As a consequence, developers can reap huge profits on buildings constructed in the most sought-after areas, primarily in Manhattan, while placing the relatively unprofitable affordable units in less desirable neighborhoods, generally in the outer boroughs, where the cost of real estate is cheaper. The developers make out like bandits, the city loses large amounts of revenue, estimated at $1.1 billion per year, and the number of affordable housing units built is nowhere near what is needed to address the city’s acute housing shortage for the working class population.
Data compiled by the Economist magazine from a number of sources indicates that issuance by the city of permits for the construction of new residential housing collapsed following the 2008 economic crisis, down to only a few thousand a year. There was a slow recovery beginning in 2012, but remaining at fewer than 20,000 per year. However, 2015 has so far seen a dramatic increase, totaling 42,000 during the first half of the year, in part due to uncertainty about renewal of the 421-a program.
By contrast, public data indicates that the rate of housing unit completion overall has not recovered significantly from its steep decline beginning in 2008. However, the number of units receiving initial 421-a tax benefits, despite a decline, remains higher than it was before 2008. This difference is an indicator that housing construction as a whole is not being positively influenced by these tax incentives, but rather that they are in fact a mechanism for benefiting wealthy developers.
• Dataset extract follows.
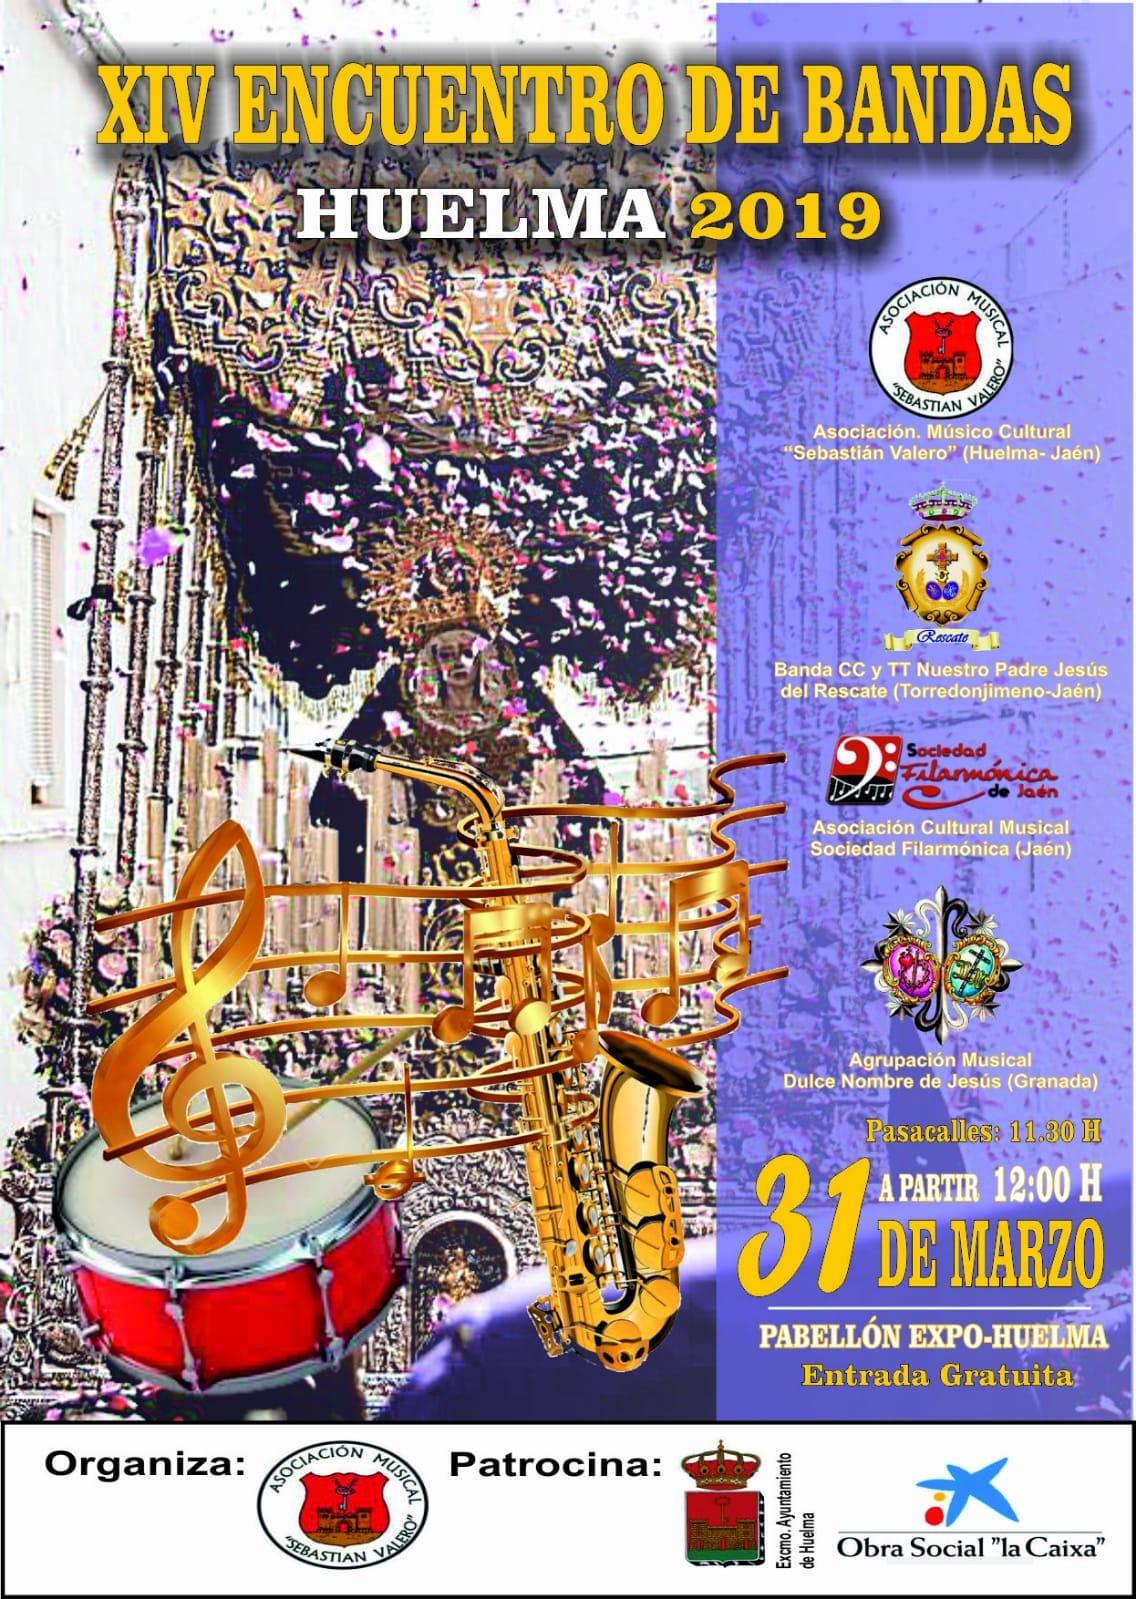 DOMINGO 31 MARZO. XIV ENCUENTRO DE BANDAS EN HUELMA 2019
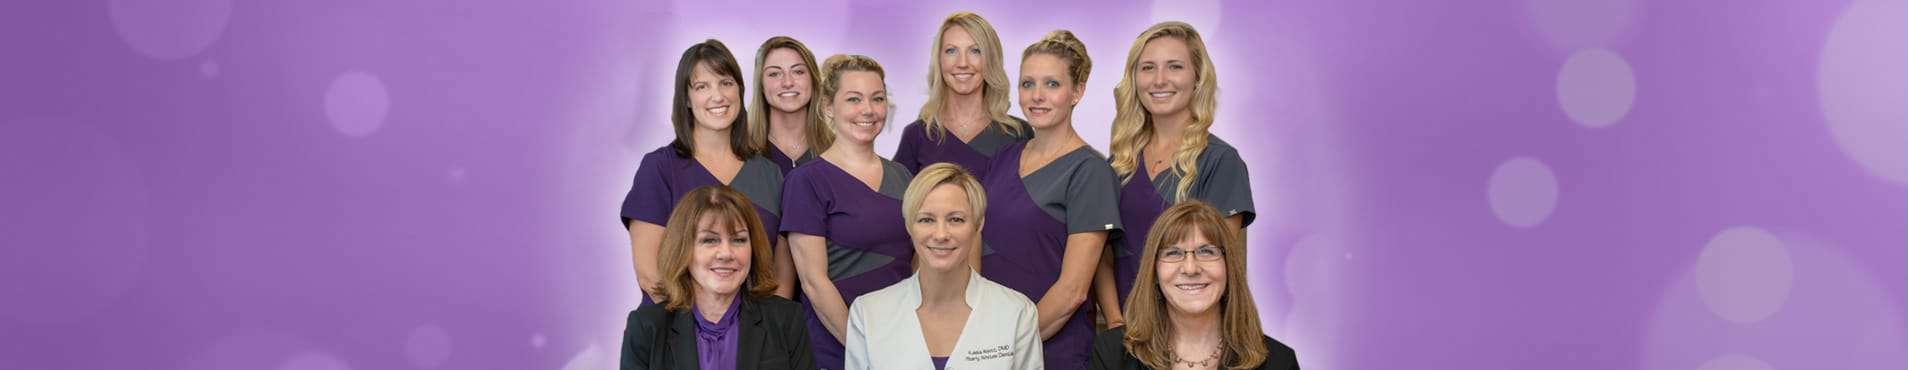 Dental Crowns Dentist Serving Mercerville

The value of this program to developers is dramatically illustrated by a report that during May and June alone, the Real Estate Board of New York, the industry’s main lobbying organization, made $1.9 million in political donations aimed at preserving this highly lucrative tax break as its renewal was being considered by the state legislature. At the end of the legislative session, the program was renewed, but some details were left to be worked out.
In the specific case of One57, the city will lose an estimated $66 million in revenue over 10 years. The price to the developer for gaining this windfall was the construction of a mere 66 affordable housing units in the Bronx.
The city’s “progressive” mayor, Democrat Bill de Blasio, whose election campaign was based on a pledge to fight inequality, recently proposed a new housing plan that would increase the proportion of affordable units required to be included in some new housing developments. Many details are not yet available. However, it appears that the income thresholds would exclude many lower-income working class families. The new scheme merely represents slight changes to the approach that has allowed the housing situation in the city to steadily deteriorate over decades (see: “Legislative deal means further deepening of New York’s housing crisis”).
The mayor’s plan is a further attempt to mislead people into believing that the city’s massive housing crisis can be solved by a few policy changes within the structure of capitalism. Given the power of the real estate interests in New York, it is certain that even de Blasio’s modest proposals will be substantially weakened or killed altogether. Developers have already complained that it doesn’t provide “incentives” (i.e., bribes) and could threaten the continuation of the 421-a program that has been so lucrative for them.
As long as the availability of affordable housing, a fundamental social right, is predicated on the “right” to maximize profits, housing conditions and homelessness will continue to worsen, especially with the intensifying world economic crisis. The right to affordable housing for all can only be realized by a massive effort of construction and rehabilitation carried out according to a socialist program under workers’ control.